Background: Sipuleucel-T (Provenge®, Dendreon Corporation) is a recently approved treatment for asymptomatic or minimally symptomatic metastatic castrate-resistant prostate cancer. This technology assessment is a systematic review of studies of the clinical outcomes of sipuleucel-T treatment. The review is organized by three Key Questions. These questions address the following: 1) the outcomes of sipuleucel-T for patients meeting the U.S. Food and Drug Administration (FDA)-labeled indications; 2) the outcomes of sipuleucel-T for patients not meeting the FDA-labeled indication (“off-label use”); and 3) adverse effects of sipuleucel-T treatment.
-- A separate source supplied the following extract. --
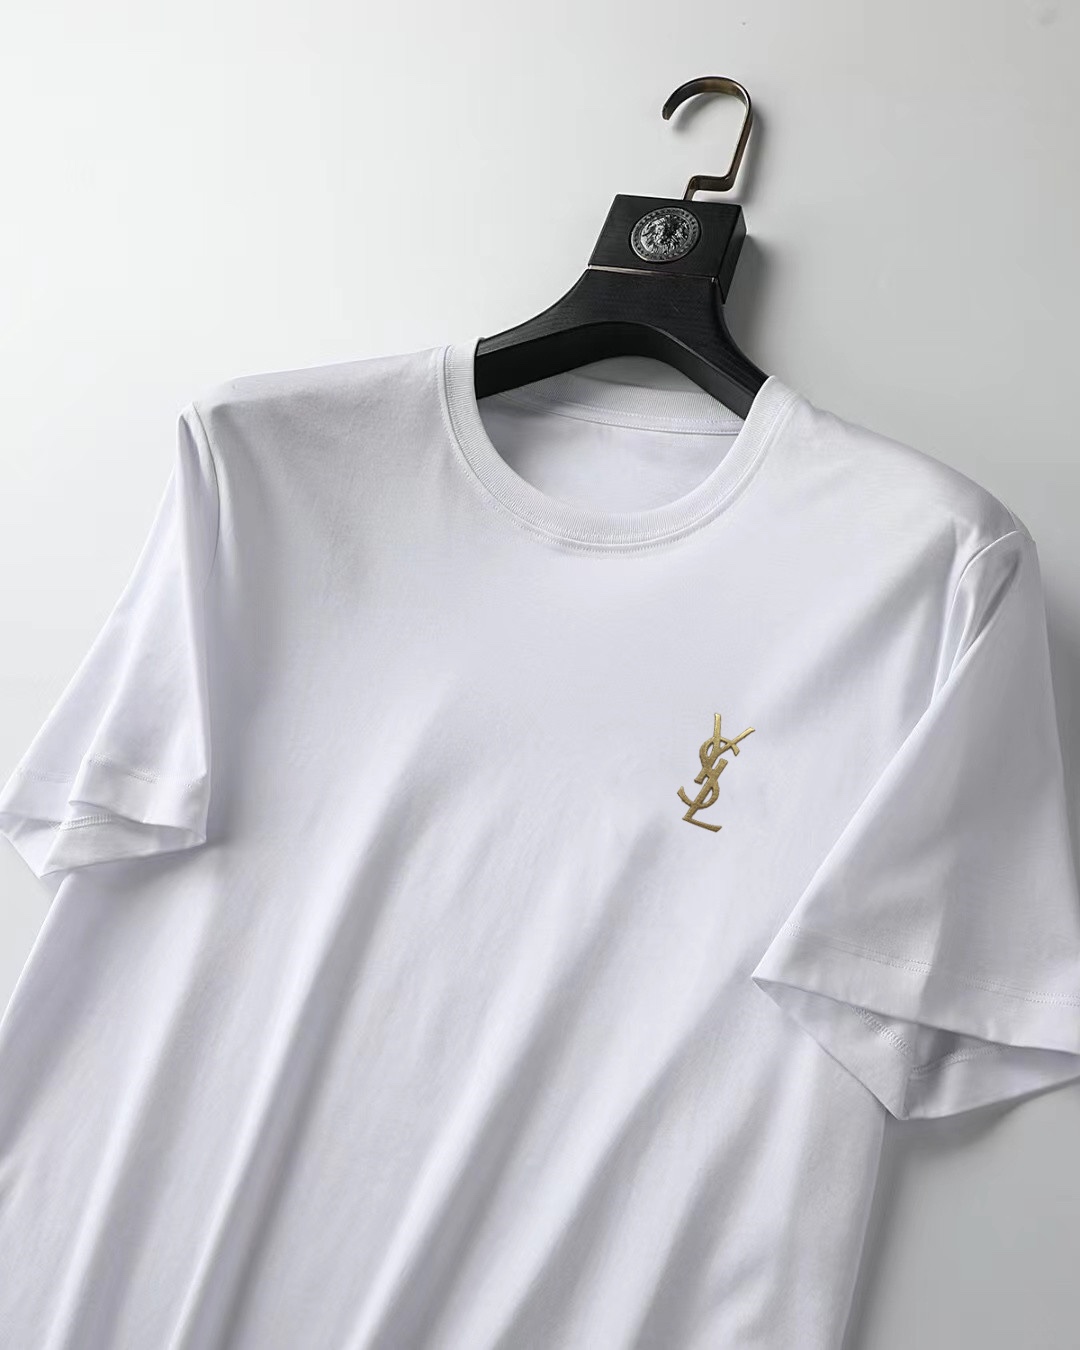 Yves Saint Laurent #38536 Fashionable T-Shirts - yvessaintlaurent.to

Key Questions 1 and 2 also include subquestions to address possible interactions and mediators of the outcomes of sipuleucel-T treatment.

Methods: This assessment is based on an electronic search of the literature as follows:

1. MEDLINE® (inception [1948] through July 13, 2010)
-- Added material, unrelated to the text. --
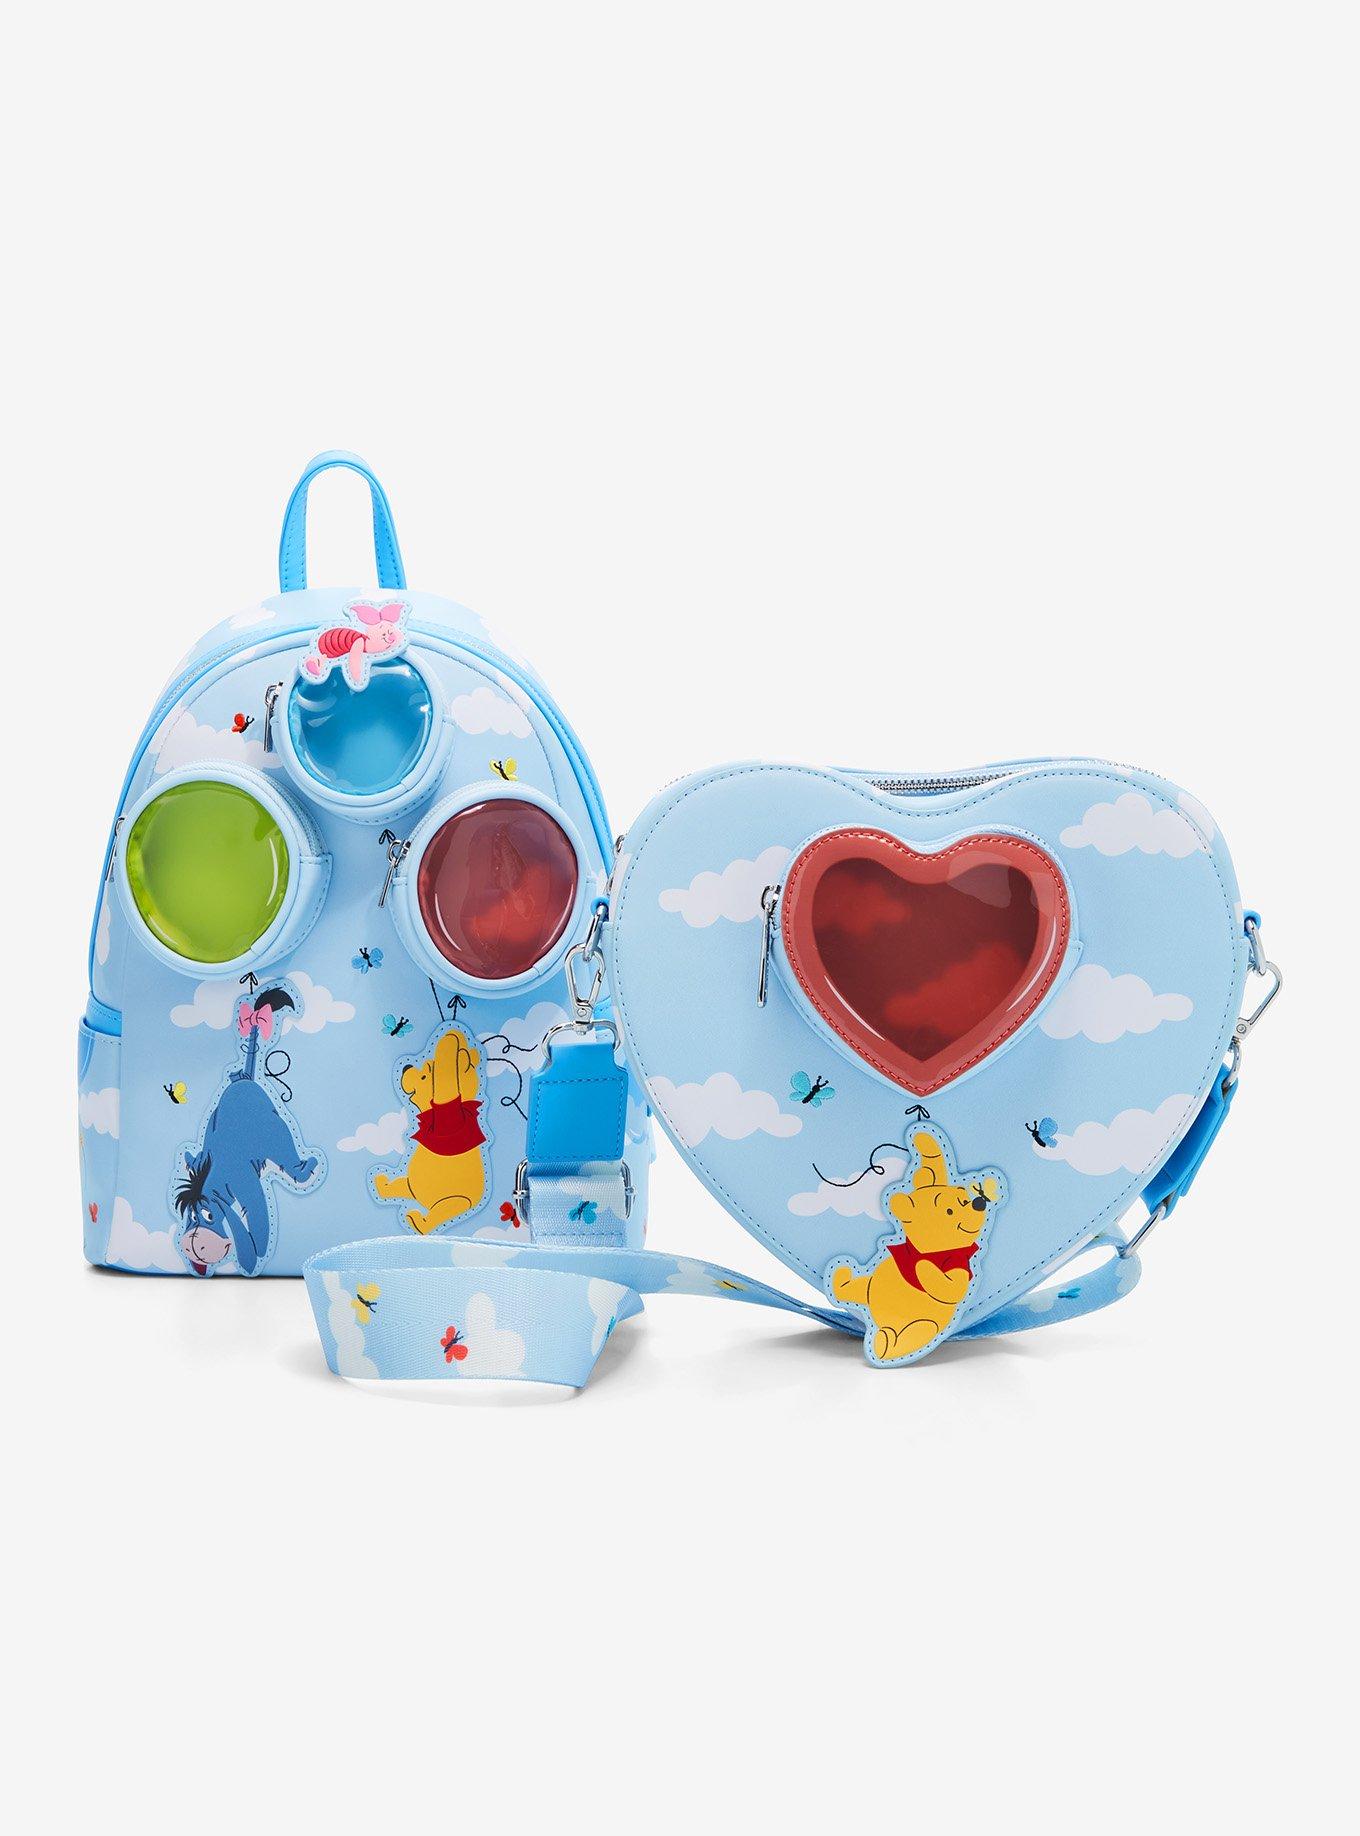 Loungefly Disney Winnie The Pooh Balloons Heart Crossbody Bag

2. EMBASE® (inception [1974] through July 13, 2010)

3. Cochrane Controlled Trials Register (no date restriction)

In addition, publicly available documents available from the FDA website and some other sources such as clinicaltrials.gov and conference abstract websites were examined for relevant studies. Studies were selected to address the three Key Questions identified for this technology assessment. We abstracted data from full-length randomized, controlled trials (RCTs) and case series studies that utilized sipuleucel-T treatment for patients with prostate cancer and reported at least one clinically relevant outcome of interest.

The quality of included comparative studies was assessed using the general approach to grading evidence developed by the U.S. Preventive Services Task Force (USPSTF). The strength of the overall body of evidence was assessed using a framework developed by AHRQ for the EPC Methods Guide, based on a system developed by the GRADE Working Group.

Results: The electronic literature search yielded 47 records. Among those, 33 were excluded at initial title and abstract review and 14 were retrieved for full-text examination. Including documents retrieved from other sources, data were available from 10 nonoverlapping data sets. Data from three studies describing results of comparative studies were abstracted for studies examining the FDA-labeled indication. Data from seven studies describing results of any study design were abstracted for studies examining off-label indications. Data from a single analysis of pooled data from four comparative studies were abstracted for the analysis of adverse effects of sipuleucel-T.